1944 yılında, Teğmen Onoda, Amerikan çıkarmalarına karşı adaları savunmak üzere Filipinler'in Lubang adasına gönderilir. Görevi, olası bir Amerikan harekatına karşı gerilla savaşı vermektir. Amerikalıların yanlış haberler yayarak onları savaşın bittiğine, Japonya'nın teslim olduğuna inandırarak kandıracağına dair sıkı sıkıya tembihlenir. Yalnızca emri veren komutanının direkt emri ile görevi bırakacaktır. Onoda bu görevi harfiyen yerine getirir: Tam 30 yıl boyunca!
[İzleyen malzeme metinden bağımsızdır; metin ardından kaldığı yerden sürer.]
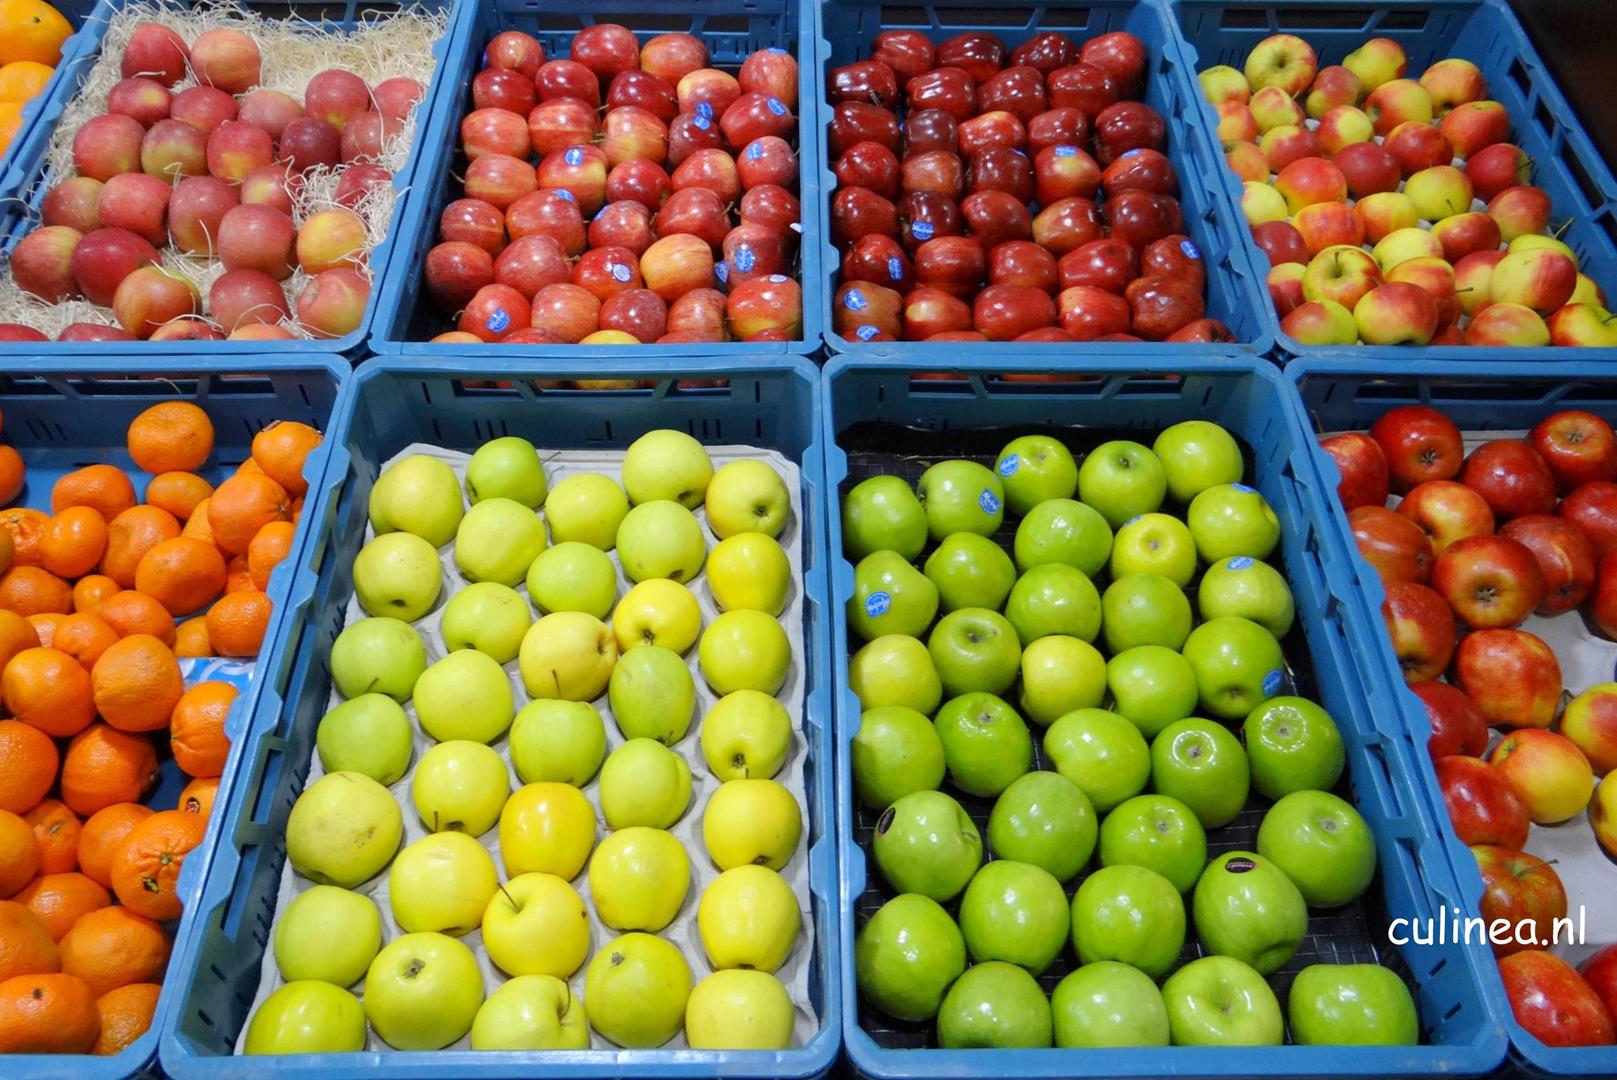 Voldoen Onweersbui Accountant Markt of supermarkt: Waar is fruit goedkoper? - Culinea.nl;

Atom bombasından sonra Japonlar teslim olur, ancak Onoda Amerikan uçaklarından atılan bildirilere inanmaz ve teslim olmaz, silah arkadaşlarıyla birlikte yöre sakinlerine saldırıya devam eder. Arkadaşları birer birer ölür ama o dağlarda, ormanlarda komando hayatını sürdürür. Zira komutanı ne olursa olsun geri geleceklerini söylemiştir.
Nihayet bir turistin onun hikayesini duyması ile, olay gündeme taşınır, ve 1974 yılında Onoda'nın artık emekli olmuş komutanı yeniden gelerek, resmi bir emirle Onoda'yı görevinden azat ettiğini bildirir. Onoda, annesinin teslim olmaktansa kendisini öldürmesi için verdiği hançer de dahil olmak üzere, silahlarını teslim eder.
Burada sorun çözülmez, zira savaşı yaklaşık 30 yıl daha devam ettiren bu asker, insan öldürmüş, ambar yakmış, suç işlemiştir. Krizin çözülmesi adına, Onoda tutuklanır, ardından Filipinler Cumhurbaşkanı tarafından affedilerek salınır.